# Stihl fs74 leaking fuel out of the carburetor



## redforeman450 (Aug 31, 2015)

I store the trimmer in the vertical position. I've tried stirring it vertically, loosening the fuel cap when I'm finished using it, I cleaned and rebuilt the carburetor. Gas still seaps out of the air filter, emptying the fuel tank in a couple of days. Where do I start? Thanks.


----------



## ANewSawyer (Sep 1, 2015)

Fuel entering the carb should have to go past the metering lever and the spring that holds it down. It sounds like simple fuel pressure to me. Does it happen when stored horizontally?


----------



## backhoelover (Sep 2, 2015)

Need to pressure test carb also 


Sent from my iPhone using Tapatalk


----------



## redforeman450 (Sep 2, 2015)

I fouled up my first post, I meant to say that it leaked when stored horizontally also. How does one go about pressure testing a carb?


----------



## backhoelover (Sep 2, 2015)

I made my own out of blood pressure tester a 15 psi gauge brass t and some fitting will send a pic when I get home 


Sent from my iPhone using Tapatalk


----------



## backhoelover (Sep 2, 2015)

Sent from my iPhone using Tapatalk


----------



## backhoelover (Sep 2, 2015)

I love that thing I have about 6 different ends the end on its test Briggs push mower carbs that have the primer on the side 


Sent from my iPhone using Tapatalk


----------



## backhoelover (Sep 2, 2015)

Thank the old lady she was nice enough to find it in my shop and take a pic for us when I get home I'll send you the Stihl carb manual I think it goes over pressure testing carbs 


Sent from my iPhone using Tapatalk


----------



## Greenthorn (Sep 2, 2015)

Carb needle float is not seating correctly.


----------



## redforeman450 (Sep 2, 2015)

Thanks for all the replies, looks like I'll give the needle and seat another going over this weekend. 

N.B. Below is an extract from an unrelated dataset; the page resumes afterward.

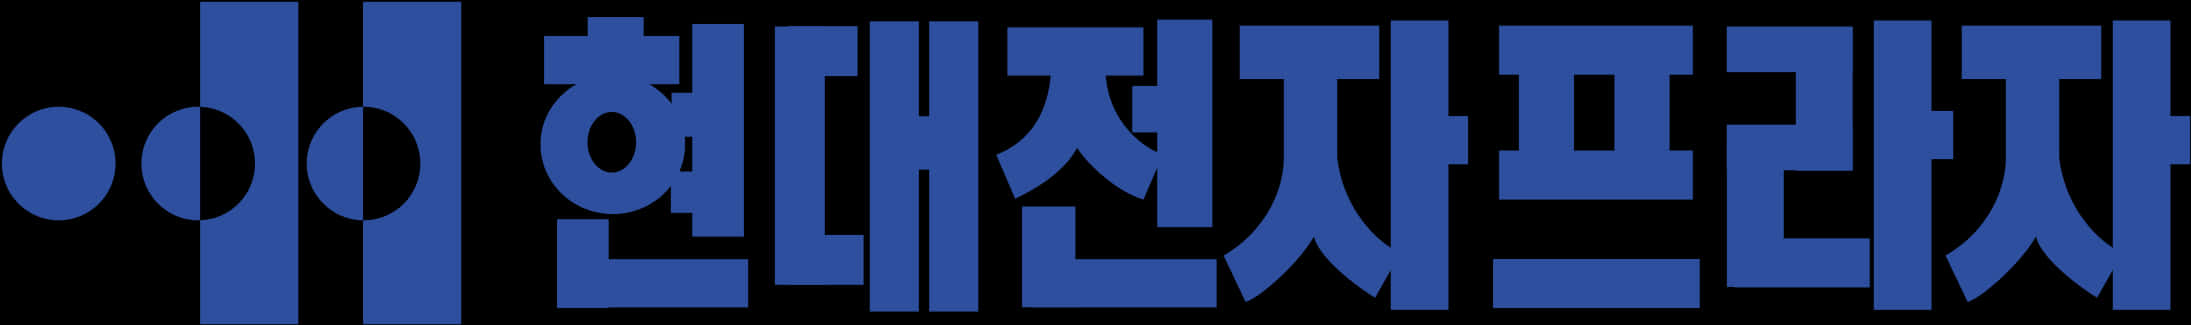 Hyundai Electronics Industries Logo Png Transparent - Hyundai
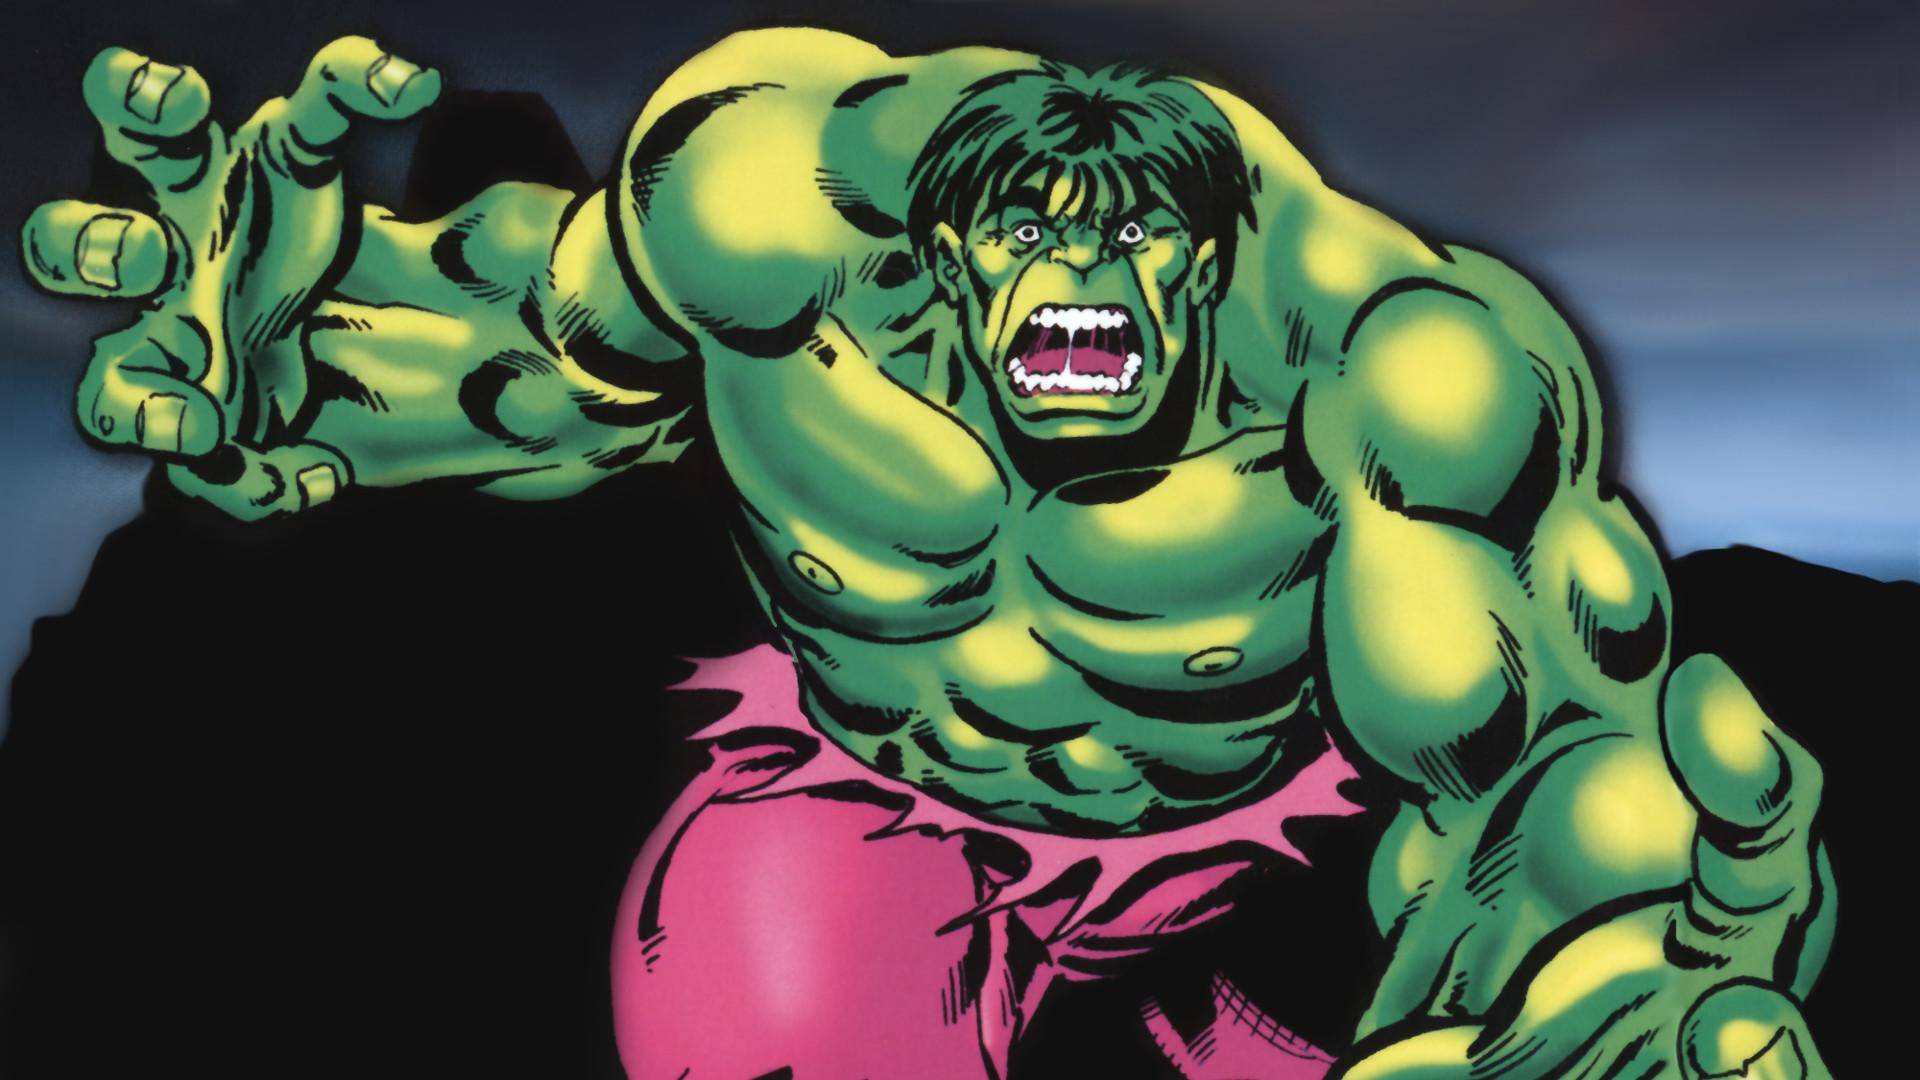 Hulk (1996)

Does the fuel tank vent through the cap, if so, could the cap be faulty?


----------



## backhoelover (Sep 2, 2015)

these might help


----------



## redforeman450 (Sep 6, 2015)

Thanks for all the advice. I put a gas cap from a spare fs74 on and that solved the issue.


----------



## ANewSawyer (Sep 6, 2015)

Hah, sometimes it is something simple.


----------



## backhoelover (Sep 6, 2015)

i never that lucky lol


----------



## backhoelover (Sep 6, 2015)

i almost forgot i told you i was going to send stihl carb manuals, kinda too late lol


----------